Вторая, сходная с первой, проблема — еврейская тематика. Идентифицировав еврейско-европейскую традицию на уровне форм мысли, ученый должен спросить себя, не проявляется ли принадлежность к еврейской мыслительной традиции и на уровне выбора материала? Иными словами, тематические элементы, которые сами по себе недостаточны для решения вопроса о принадлежности или непринадлежности писателя к той или иной традиции, могут стать важными деталями в том случае, когда принадлежность к еврейской мысли уже установлена. Характерным примером такой детали является неоконченный исторический роман Гейне «Рабби из Бахраха», родившийся как не слишком удачная попытка подражания Вальтеру Скотту. И если Вальтер Скотт писал об истории своей страны, истории Британии, Гейне выбирает в качестве своей истории не историю становления немецкой культуры, а историю разгромленной еврейской общины— историю кровавых наветов и погромов. Многочисленные стихотворения, так или иначе связанные с еврейской тематикой, от «Донны Клары» до «Иегуды бен-Галеви», дополняют картину.

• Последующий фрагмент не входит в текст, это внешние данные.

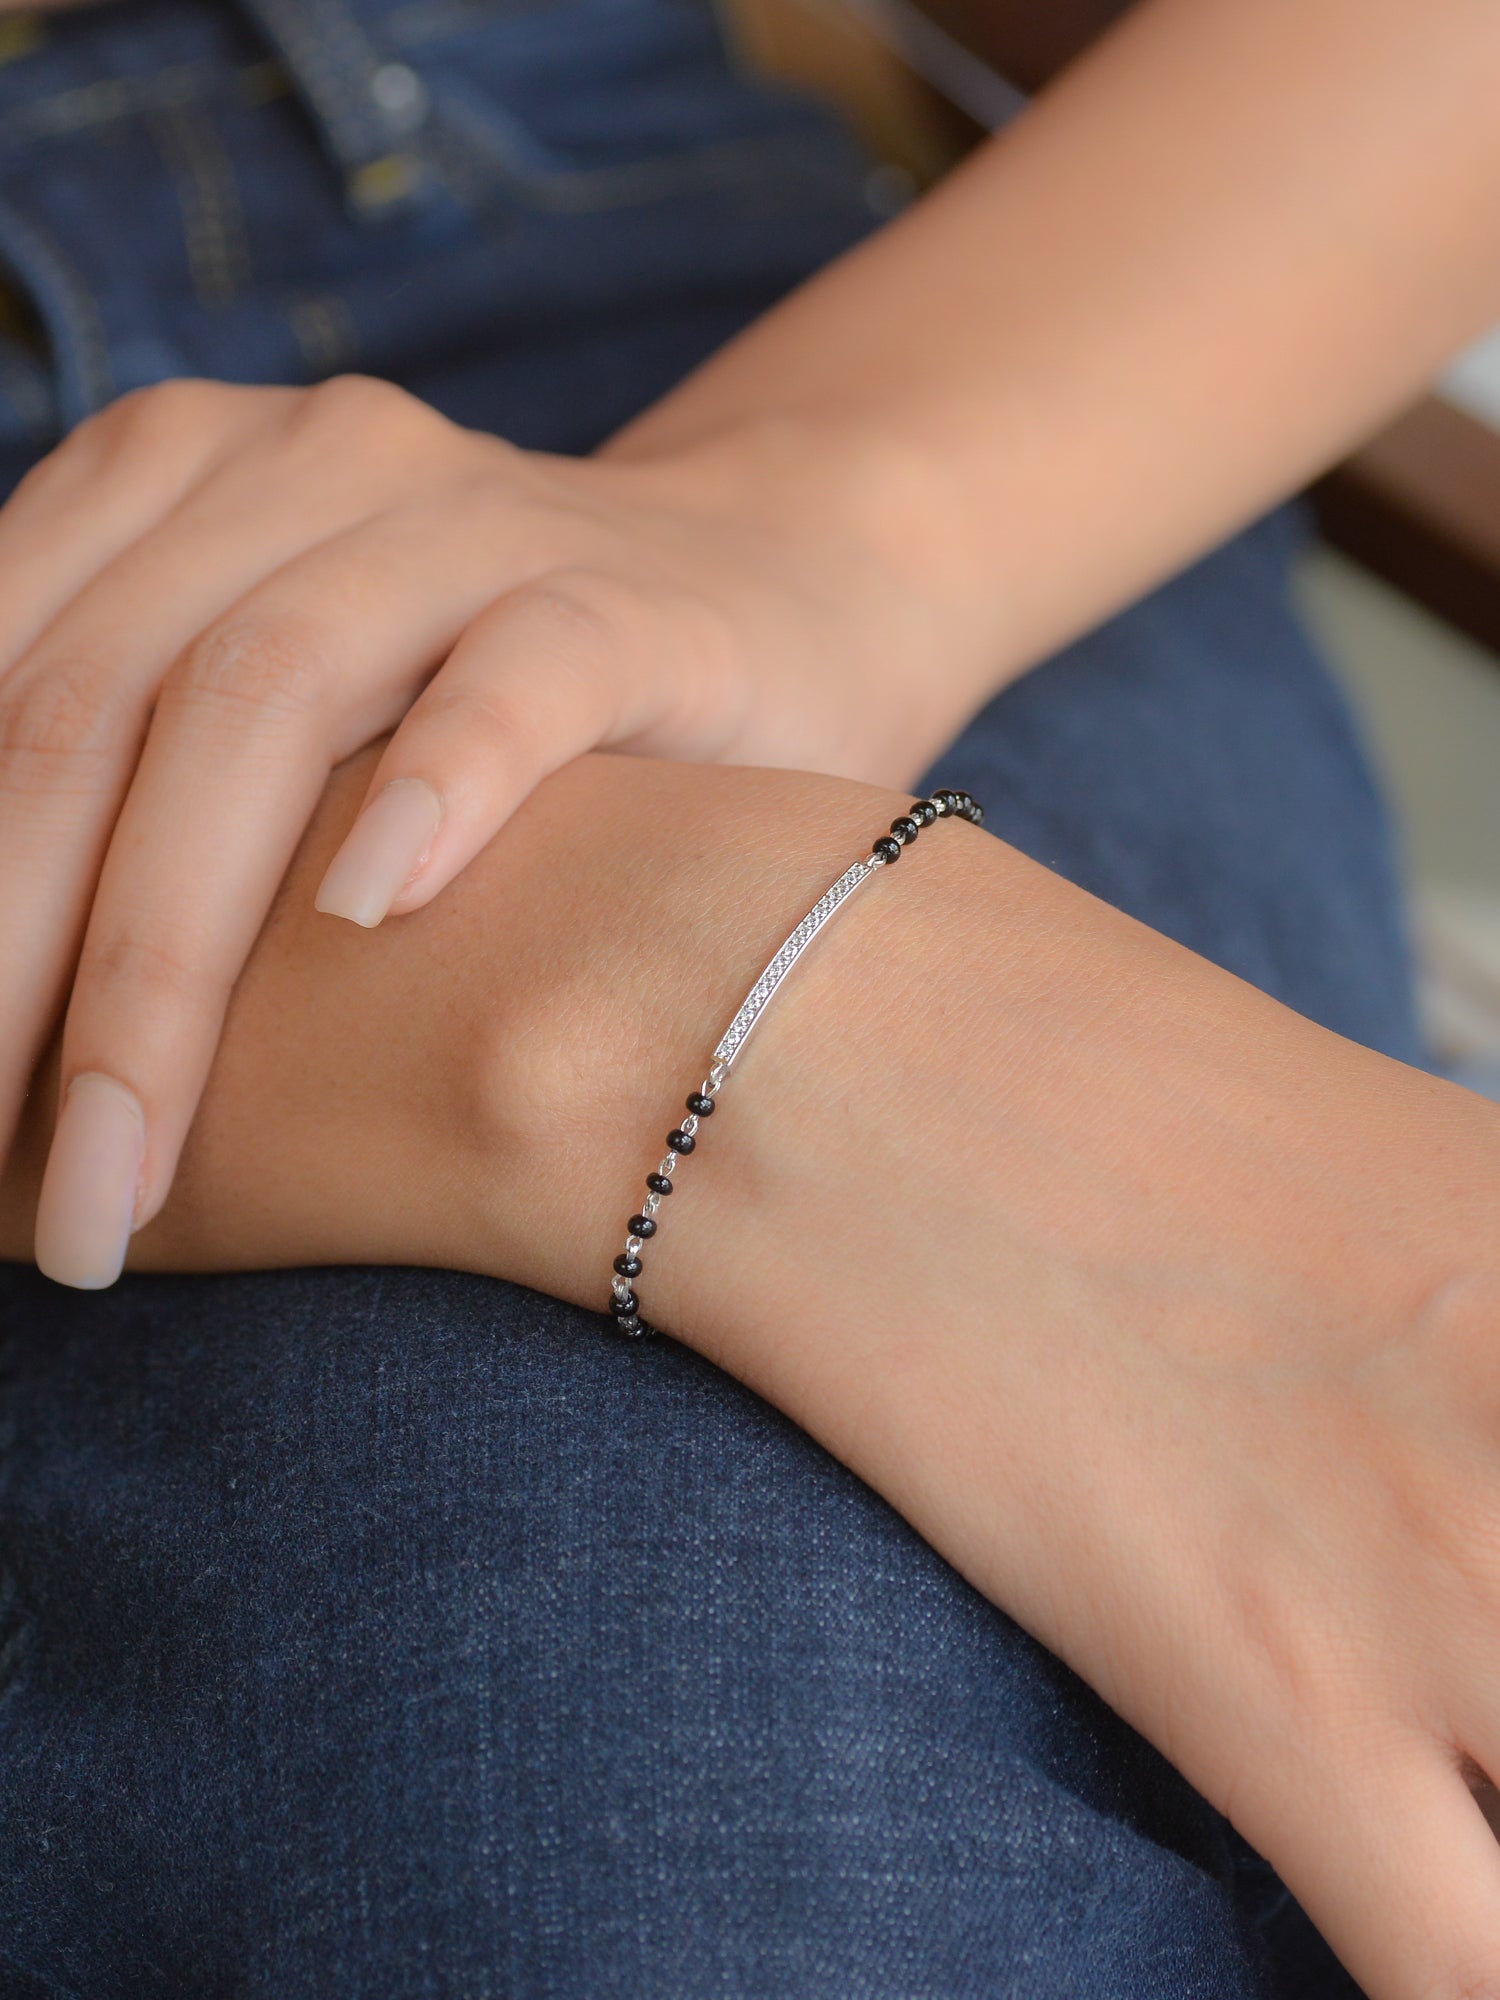 Customized hand bracelet mangalsutras - HoMafy
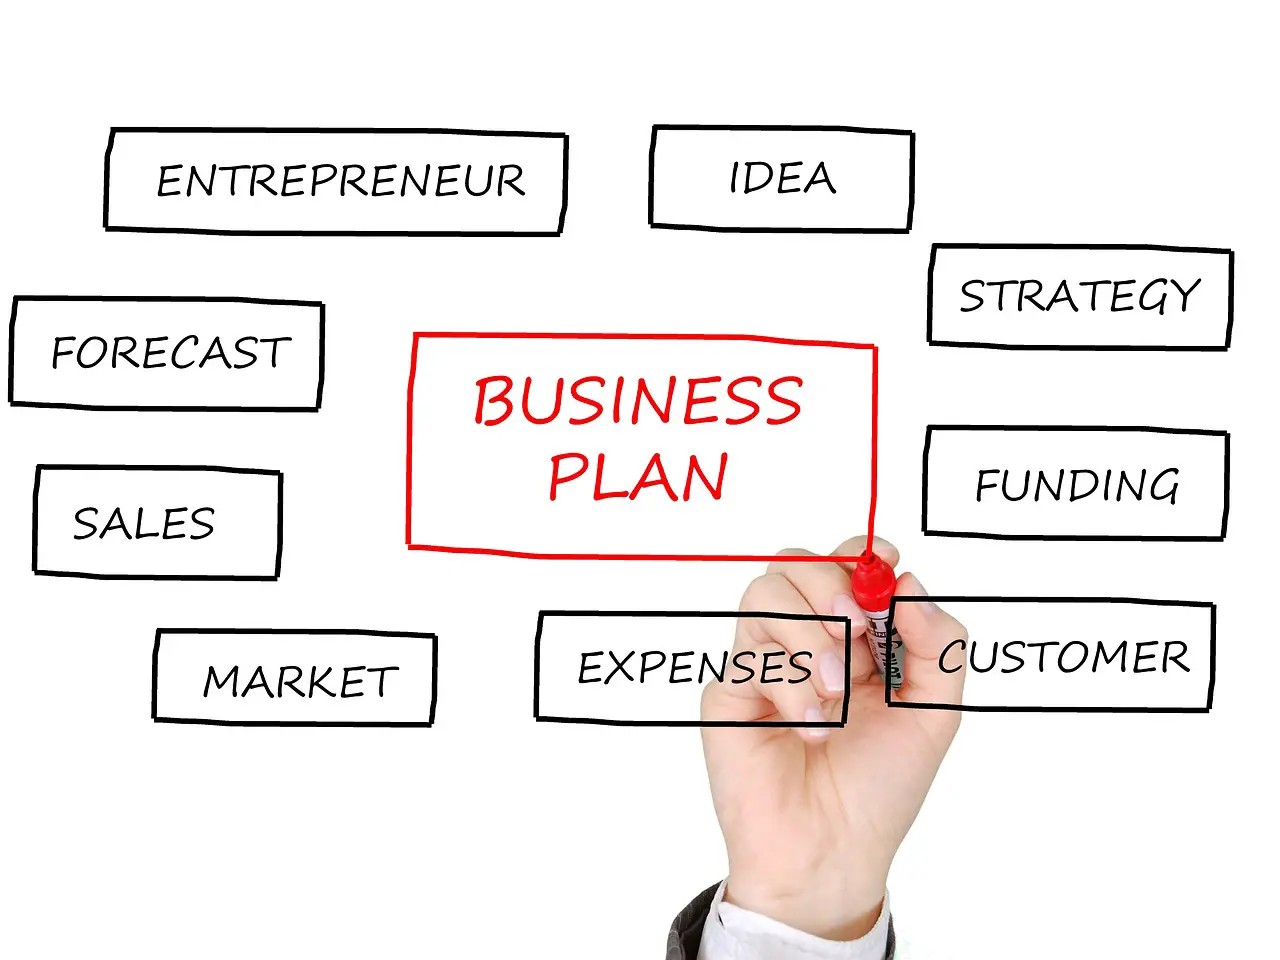 Write a business plan
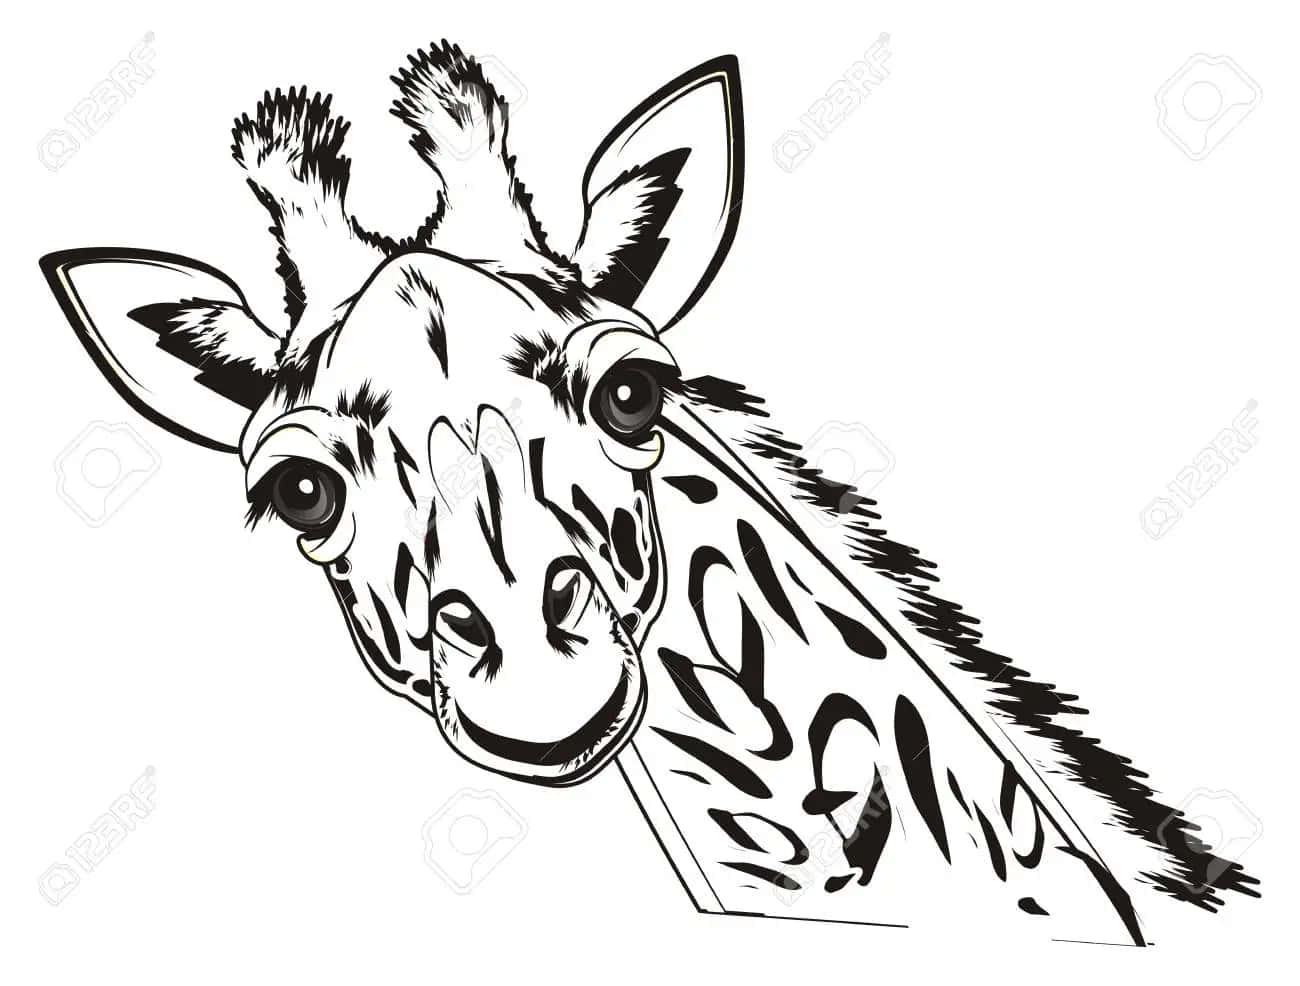 Imagemdigital Engraçada De Uma Girafa Desenhada.

Следующая задача, которая оказывается на повестке дня, связана с проверкой применимости теории к культурным явлениям, сходным с теми, на материале которых эта теория была разработана. Здесь в первую очередь речь идет о тех, кого принято называть писателями второго ряда. Впрочем, на мой взгляд, и в этом случае не следует ожидать абсолютной применимости теории; более того, количество отклонений от описанной выше схемы, как кажется, должно вырасти. Писателей второго ряда часто отличает несамостоятельность мысли, ярко выраженная зависимость от предшественников и склонность воспроизводить фигуры речи и мыслительные ходы, уже опробованные в прошлом. И поэтому их книги могут оказаться построенными на многочисленных клише, взятых из практики тех национальных литератур, в рамках которых эти люди писали. Но с другой стороны, подобная несамостоятельность не является универсальной. И следовательно, нет ничего удивительного в том, что не только мои единомышленники, но даже оппоненты часто говорили мне, что моя схема очень хорошо работает для широкого круга писателей второго ряда, от Ильи Эренбурга до Леонида Аронзона, от Стефана Цвейга до Макса Брода. К сожалению, то, что я о них знаю, недостаточно для подтверждения или опровержения подобных утверждений. Аналогичным образом следует попытаться применить вышеуказанную схему к тому, что было создано евреями вне литературы, философии и теории культуры. И здесь в первую очередь речь идет о тех областях гуманитарных и общественных наук, которые примыкают к философии и культурологии: о лингвистике, историографии, социологии и политологии. Научные революции, связанные в социологии с появлением «социологизма» Эмиля Дюркгейма и «формальной социологией» Георга Зиммеля, в историографии — со «школой анналов» Марка Блока, в антропологии — с Марселем Моссом и, наконец, в языкознании с «генеративной лингвистикой» Ноама Хомского, должны стать материалом детального анализа. Историк культуры должен попытаться выделить базисные принципы, лежащие в основе теорий перечисленных ученых, и соотнести их с описанной выше схемой. И несмотря на то, что подобный анализ неизбежно оказывается за рамками этой главы, то, что я знаю об этих ученых, свидетельствует, как мне кажется, в пользу продуктивности этого подхода.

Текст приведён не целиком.